2019-03-21 12:20:02.118502: I tensorflow/contrib/tensorrt/convert/convert_graph.cc:928] Number of TensorRT candidate segments: 0
2019-03-21 12:20:02.312790: I tensorflow/core/grappler/optimizers/meta_optimizer.cc:616] Optimization results for grappler item: tf_graph
2019-03-21 12:20:02.313191: I tensorflow/core/grappler/optimizers/meta_optimizer.cc:618]   constant folding: Graph size after: 1484 nodes (0), 1357 edges (-535), time = 2391.59106ms.

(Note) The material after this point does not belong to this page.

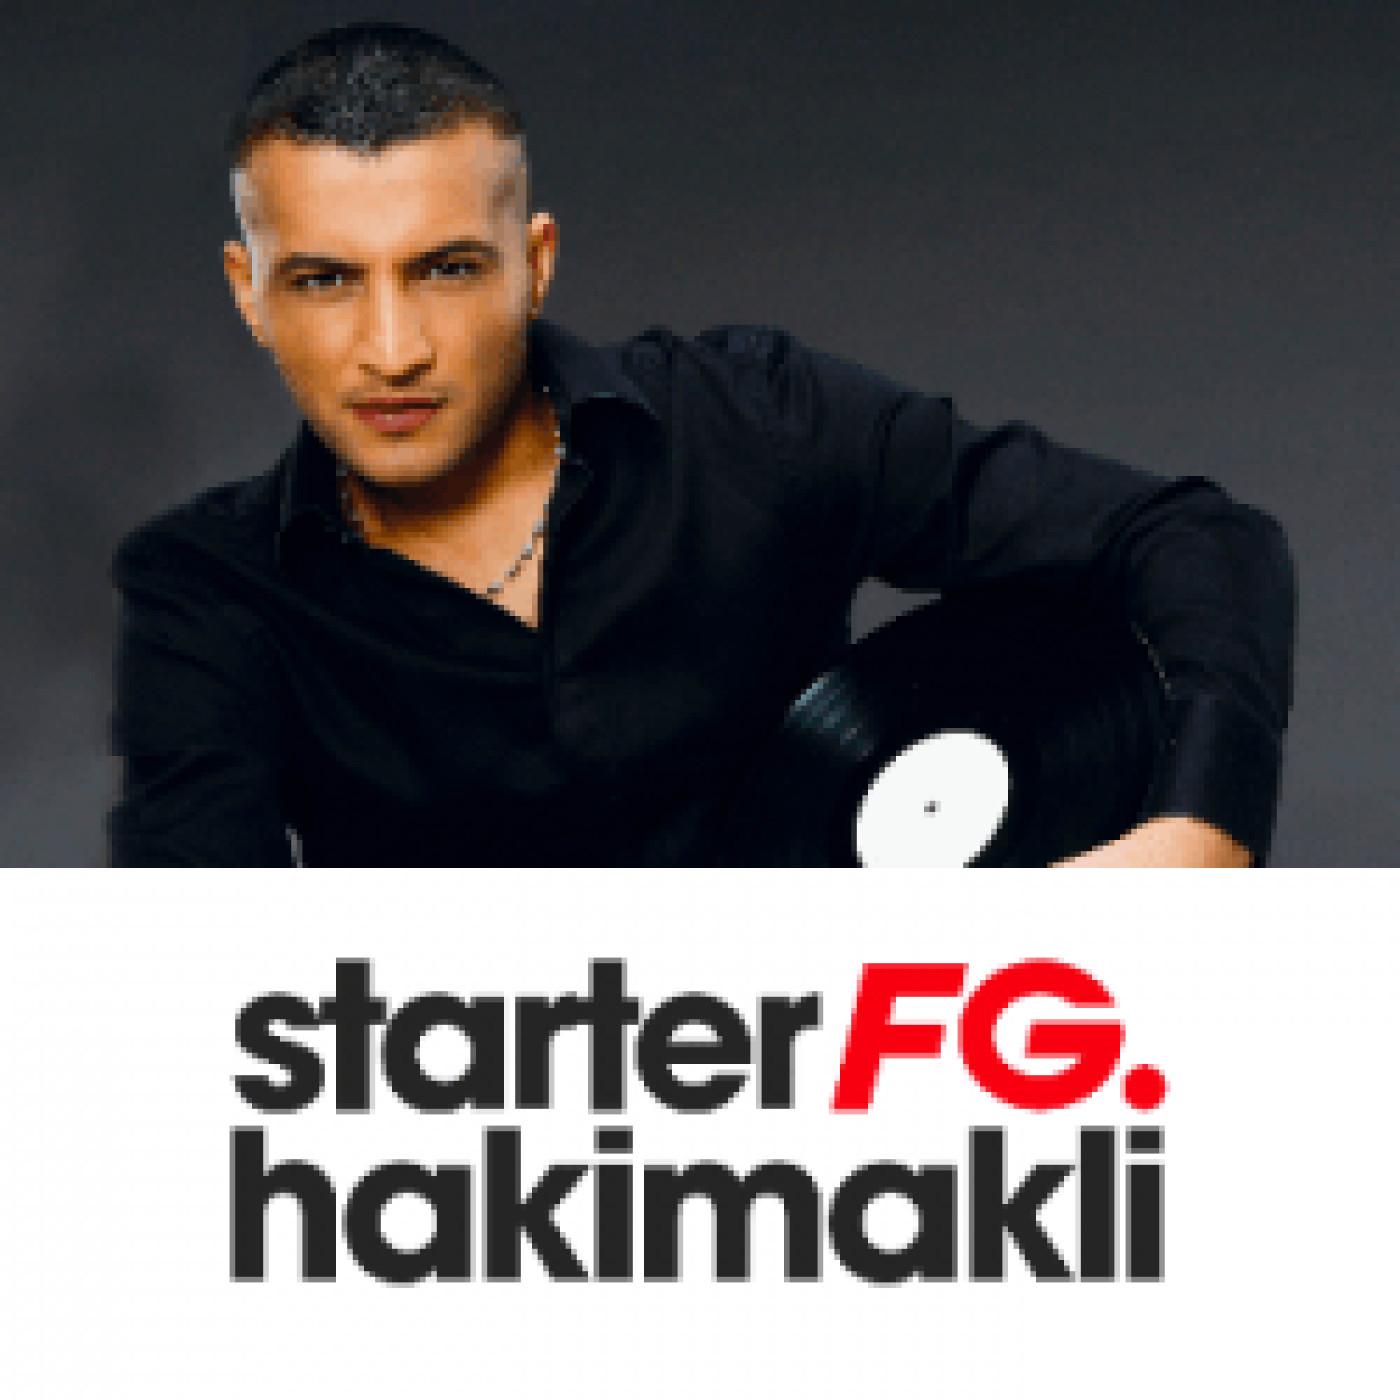 STARTER FG BY HAKIMAKLI MARDI 12 JANVIER 2021

2019-03-21 12:20:02.313361: I tensorflow/core/grappler/optimizers/meta_optimizer.cc:618]   layout: Graph size after: 1484 nodes (0), 1357 edges (0), time = 353.034ms.
2019-03-21 12:20:02.313475: I tensorflow/core/grappler/optimizers/meta_optimizer.cc:618]   constant folding: Graph size after: 1484 nodes (0), 1357 edges (0), time = 550.076ms.
2019-03-21 12:20:02.313640: I tensorflow/core/grappler/optimizers/meta_optimizer.cc:618]   TensorRTOptimizer: Graph size after: 1484 nodes (0), 1357 edges (0), time = 438.321ms.